### INFORMATION PROVIDED ###

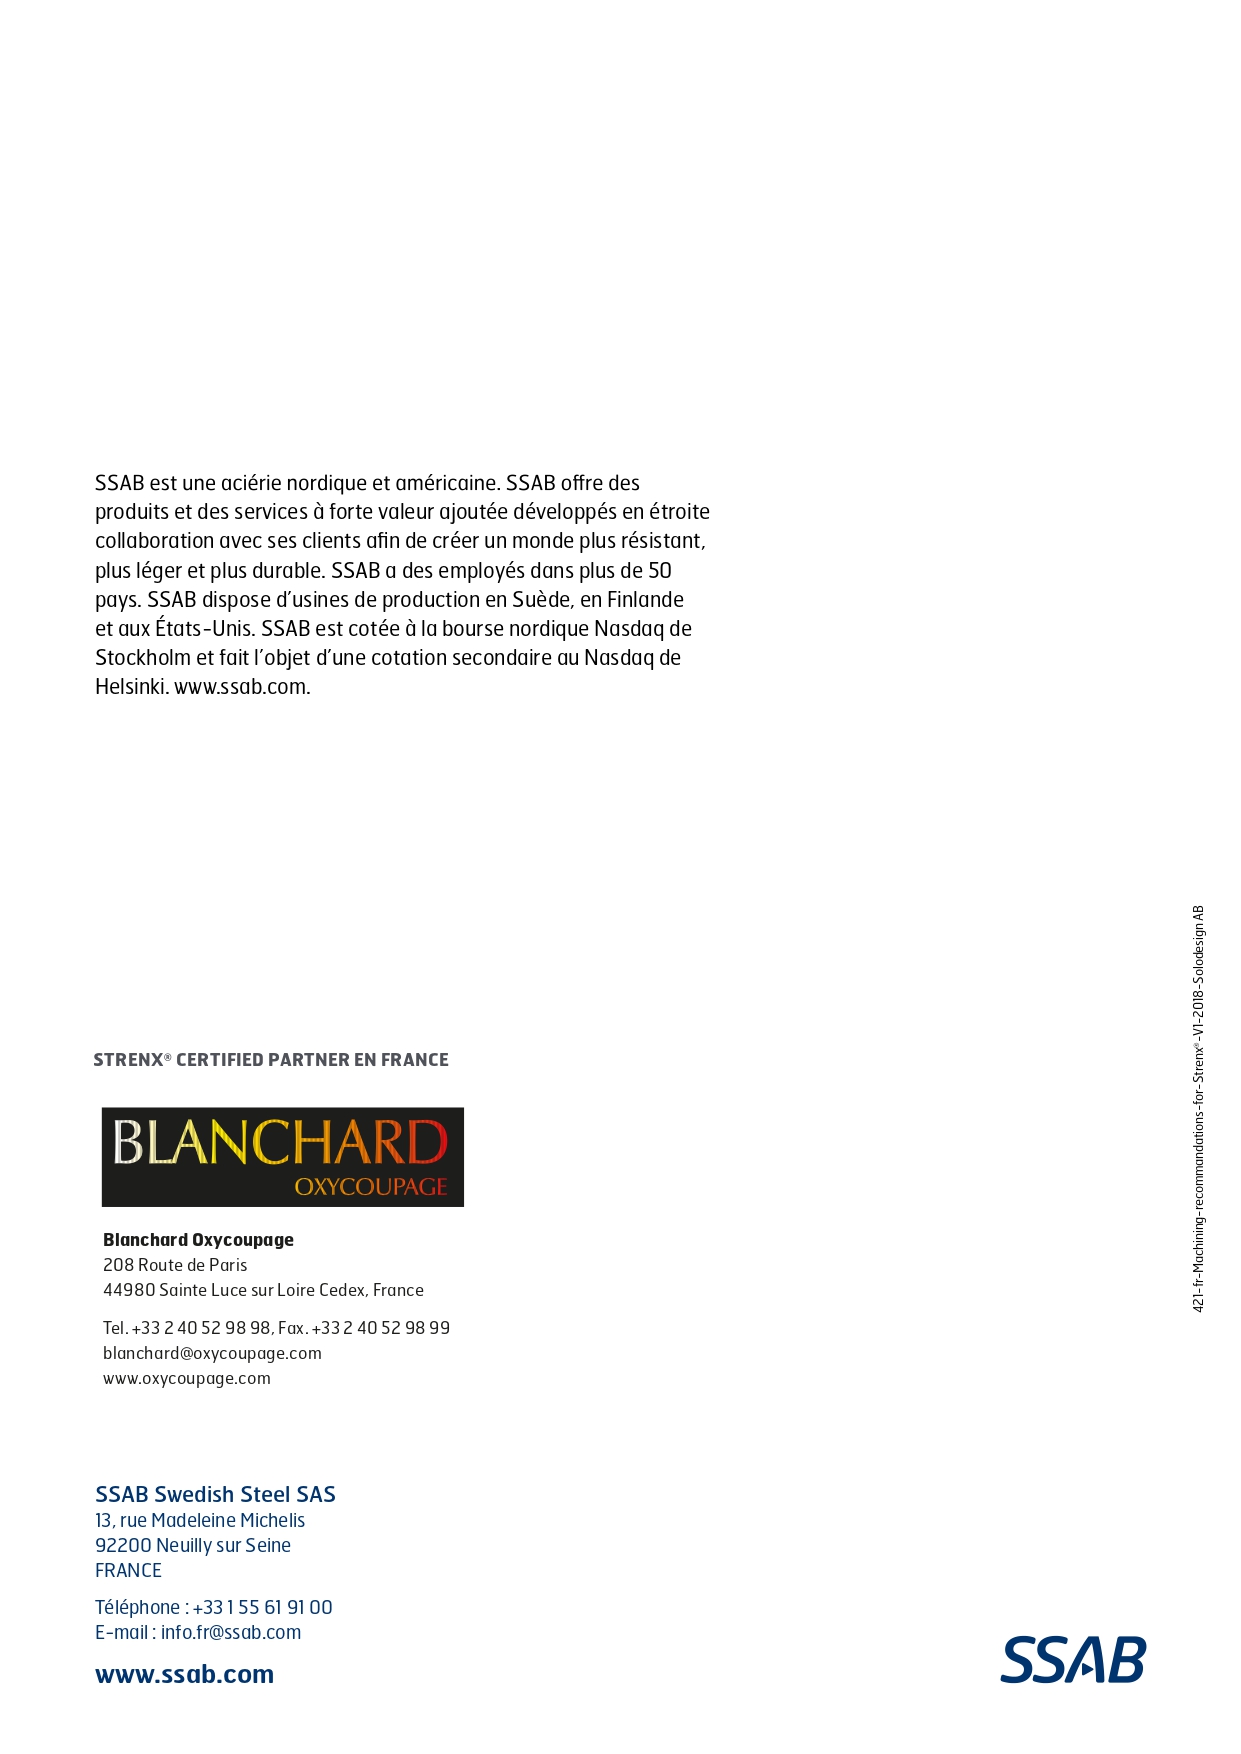 Brochure recommandations usinage Strenx®_page-0028
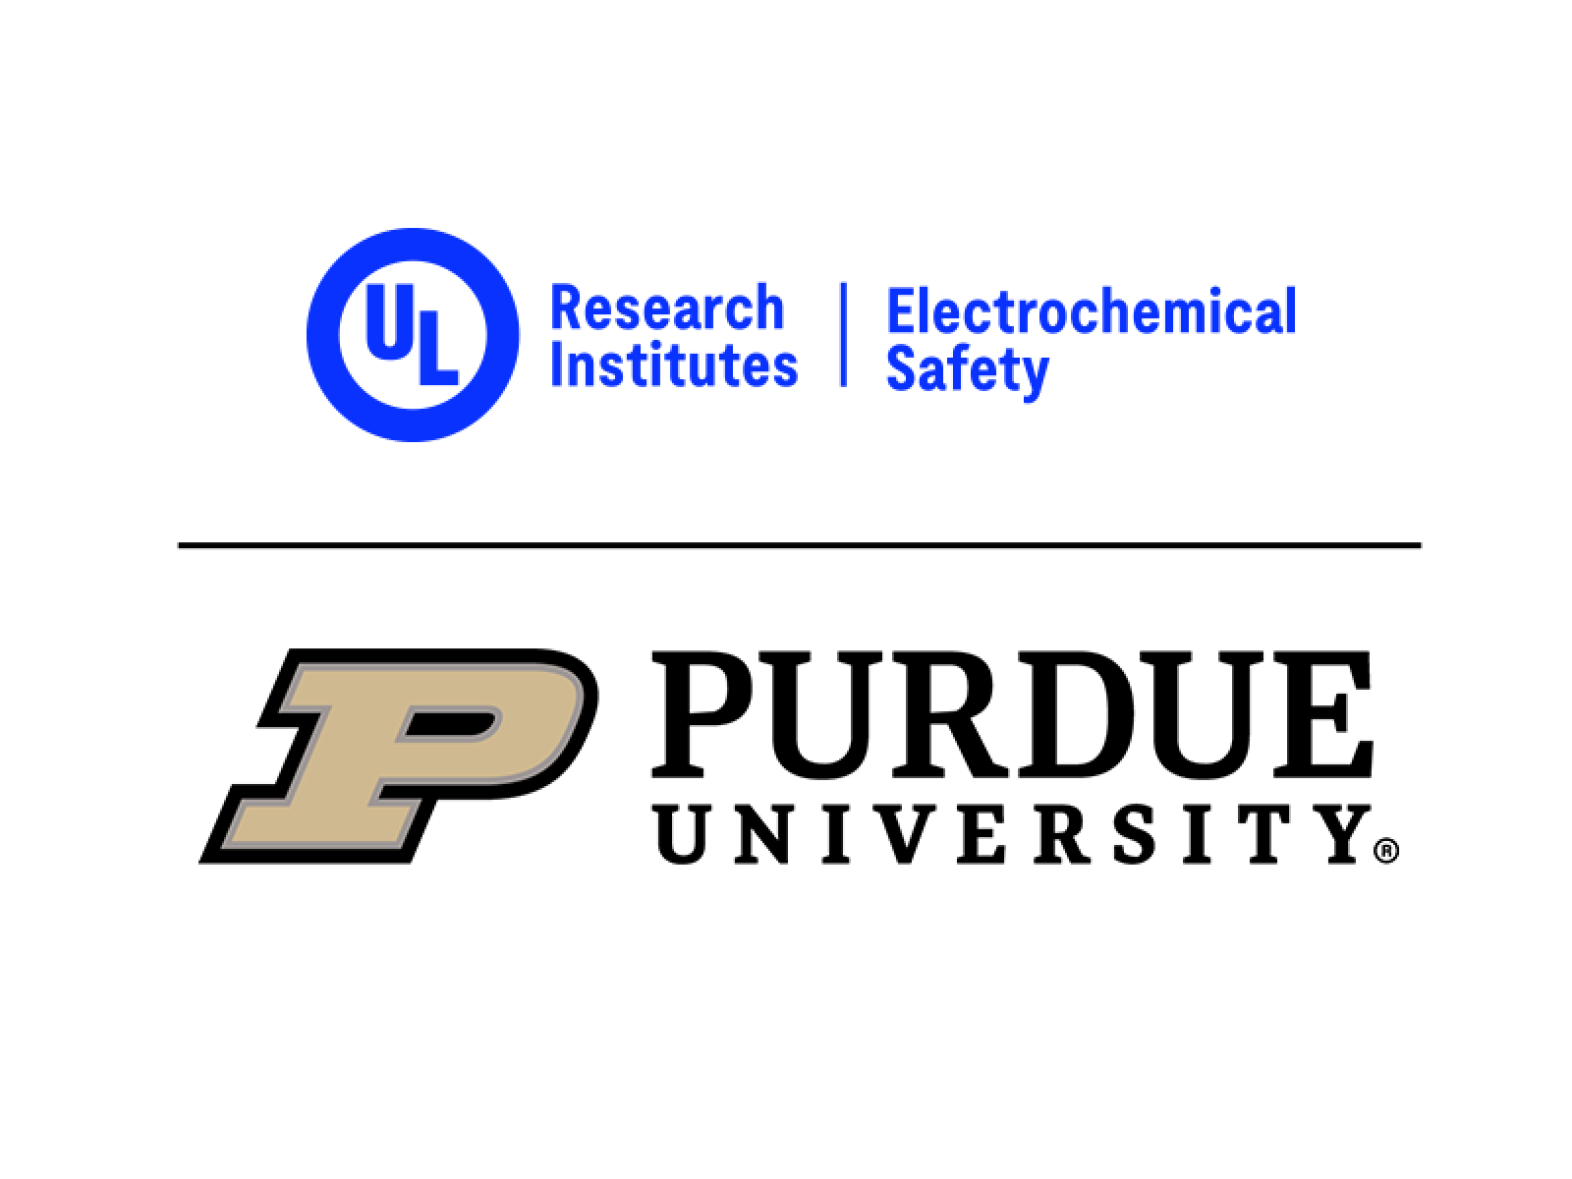 Electrochemical Research Safety Institute and Purdue University
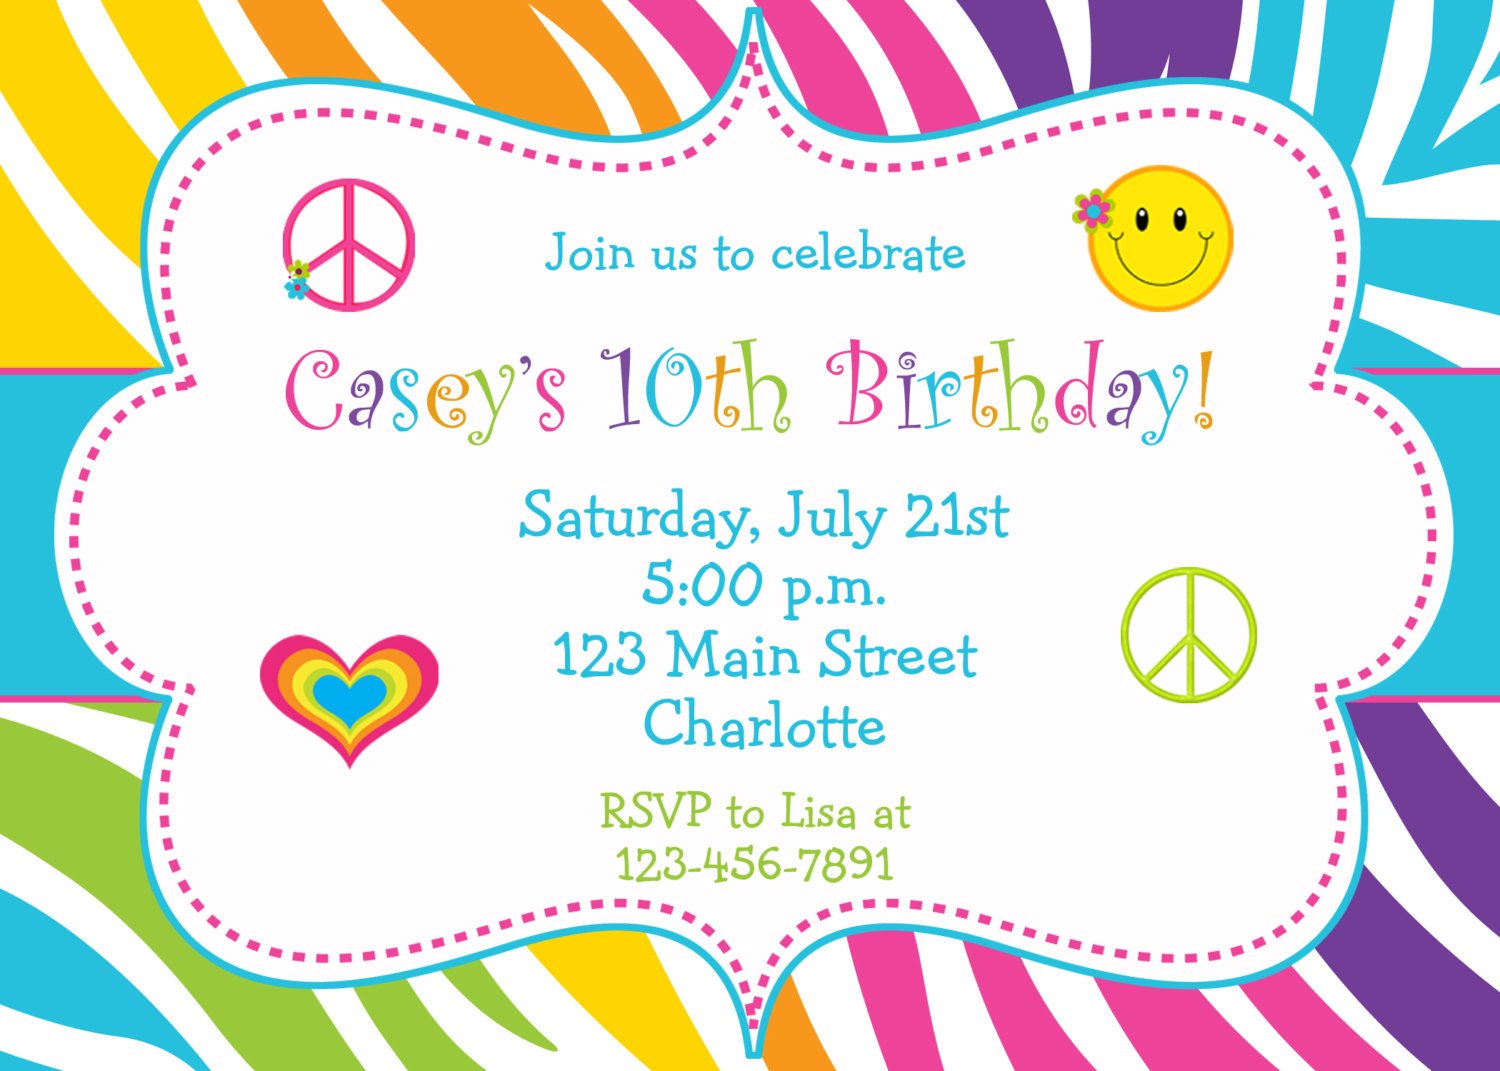 Free Party Invitations To Print At Home 9

###

WHAT NEEDS TO BE DONE
Make an exact copy of the listing. Do not carry over its pictures.

SOLUTION FOR THIS EXERCISE
 Brochure recommandations usinage Strenx®_page-0028
 Electrochemical Research Safety Institute and Purdue University
 Free Party Invitations To Print At Home 9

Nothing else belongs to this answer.